One of the many things about conservatives that bothers me is that under the Rove/Bush/DeLay-led charge, every aspect of life has to be defined by Republican/Democrat, Conservative/Liberal. This point is most apparent when you hear conservatives complain about Hollywood. It is Hollywood, it is not politics. And yes, there are more Democrats and more liberals in Hollywood, and therefore, more shows and movies and awards geared to a liberal audience. My question for all the conservatives who complain, is this, so what? It is part of life, it isn't politics.

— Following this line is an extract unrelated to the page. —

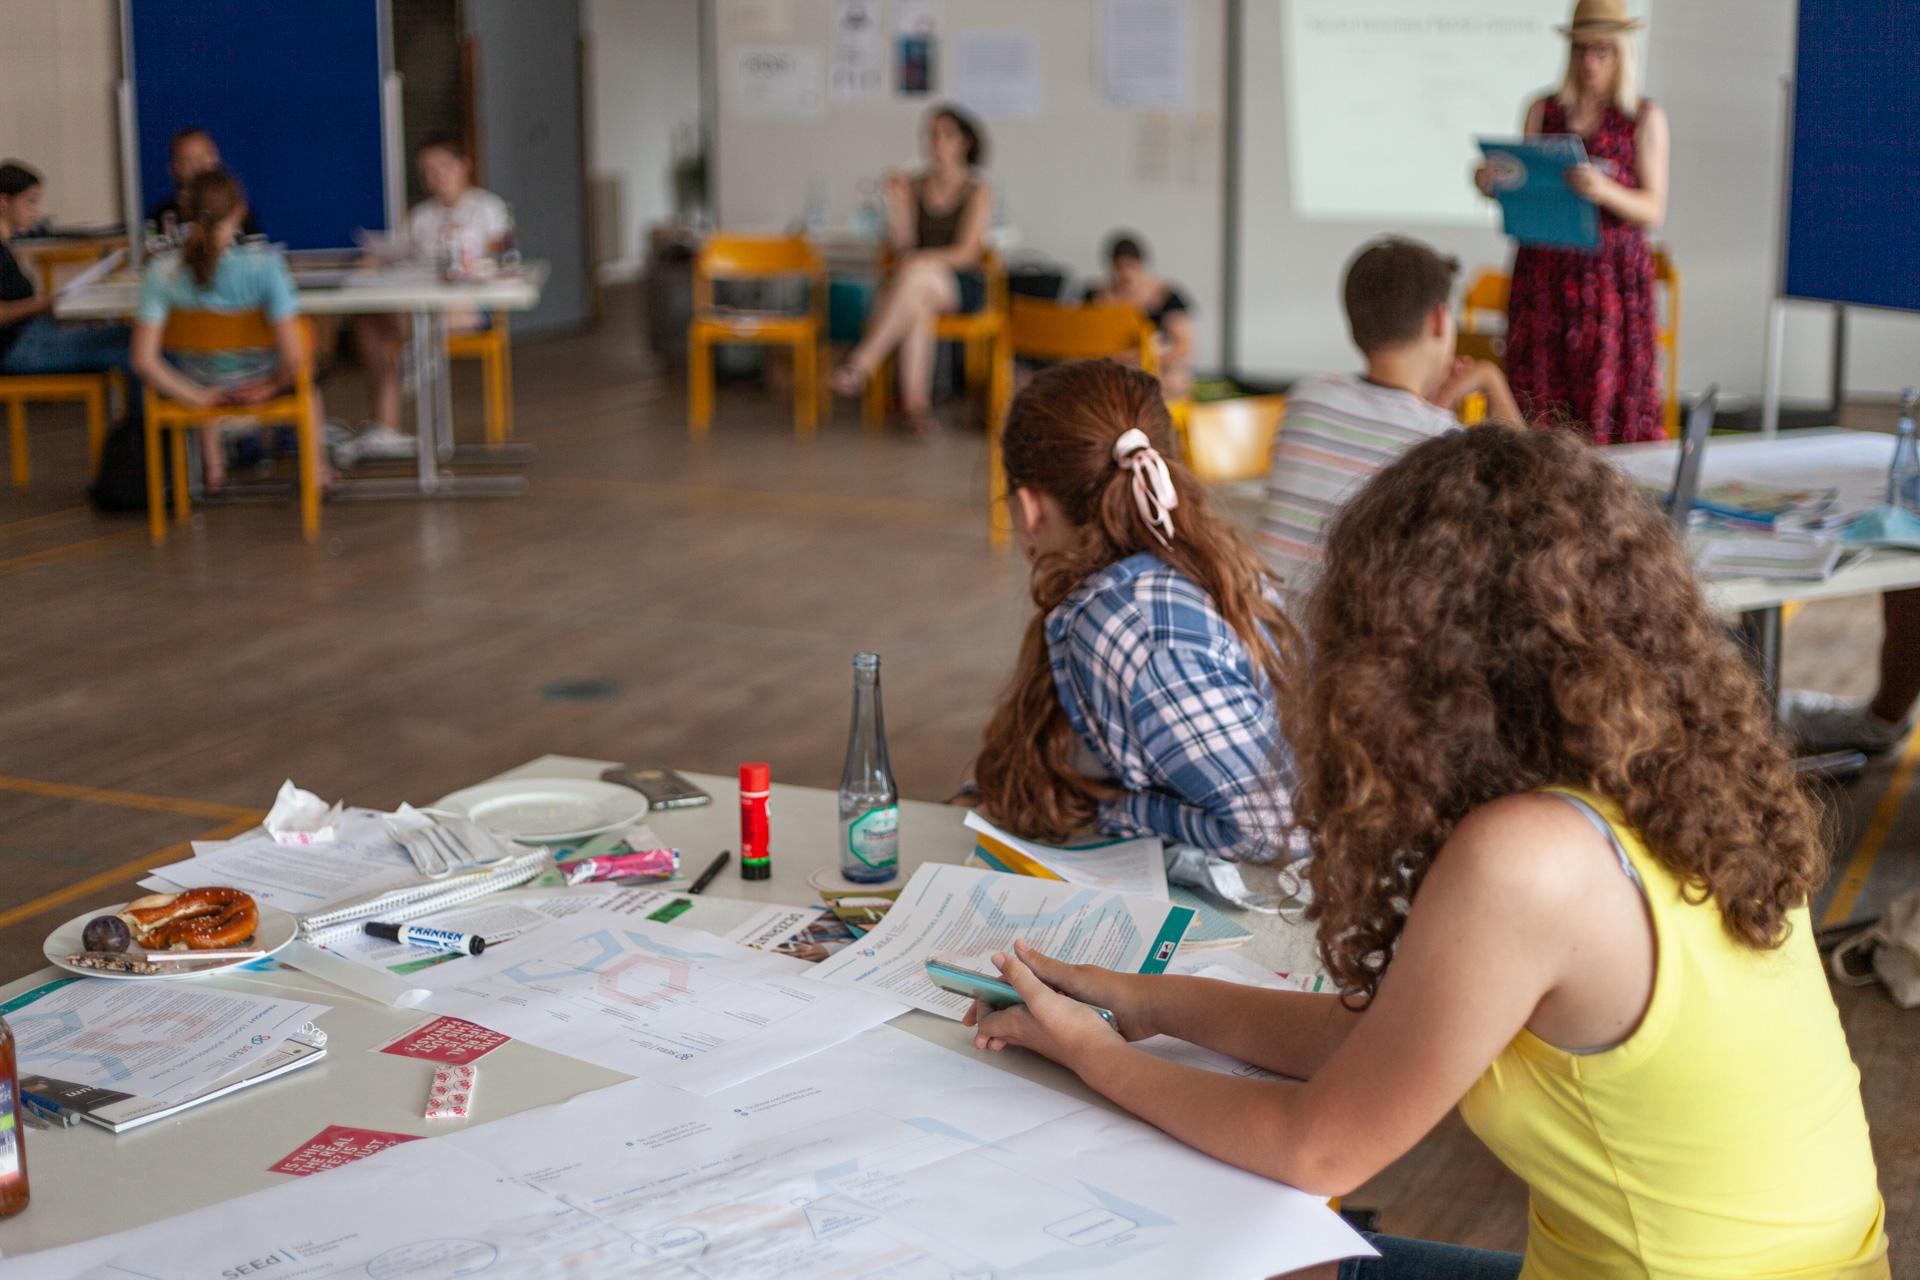 Hier sind junge Teilnehmende an einem Workshop zu sehen. Die Tische stehen in unserer Turnhalle weit auseinander, so dass man die Abstandsregeln einhalten kann

Why is Hollywood dominated by liberals -- because go to any liberal arts college, or go to any school for acting, or theater, or anything else along those lines and examine the people -- some care about politics, some do not, but I will guarantee if you examined their views, most would come out liberal-leaning. It isn't a liberal bias of Hollywood, it is just a fact that more liberals are there. Why is this any different than any other walk of life? How about Wall Street? Does Wall Street have a conservative bias? No. Should liberals be complaining about the conservative bias of big business and of Wall Street? Absolutely not. It is just the way of life, that if you are a person who wants to be on Wall Street, and who gets there, chances are, you are a Republican. And anything Wall Street does is likely to be viewed as pro-conservative. It isn't a bias, it is just the way people are. Same for Hollywood -- if you are someone who aspires to be an actor, director, chances are you are a Democrat.

Politics used to be just politics, and we didn't have to listen to groups arguing about the liberal bias of areas of life outside the political theater. But while President Bush's dangerous combining of Church and State has been documented, I think just as dangerous has been the conservatives combination of any walk of life and politics if it allows them to criticize/demonize Democrats.

Name: michael
Hometown: nyc

I've long ago stopped reading David Brooks (keeping my blood pressure in check) but notice from a Times letter that he recently declared Elijah “an abusively pretentious” name for a child. Now, Elijah seems to me a perfectly good name, with an impressive Biblical imprimatur to boot. What are we to make, on the other hand, of the cleanly pretentious name David Brooks for a nice Jewish boy?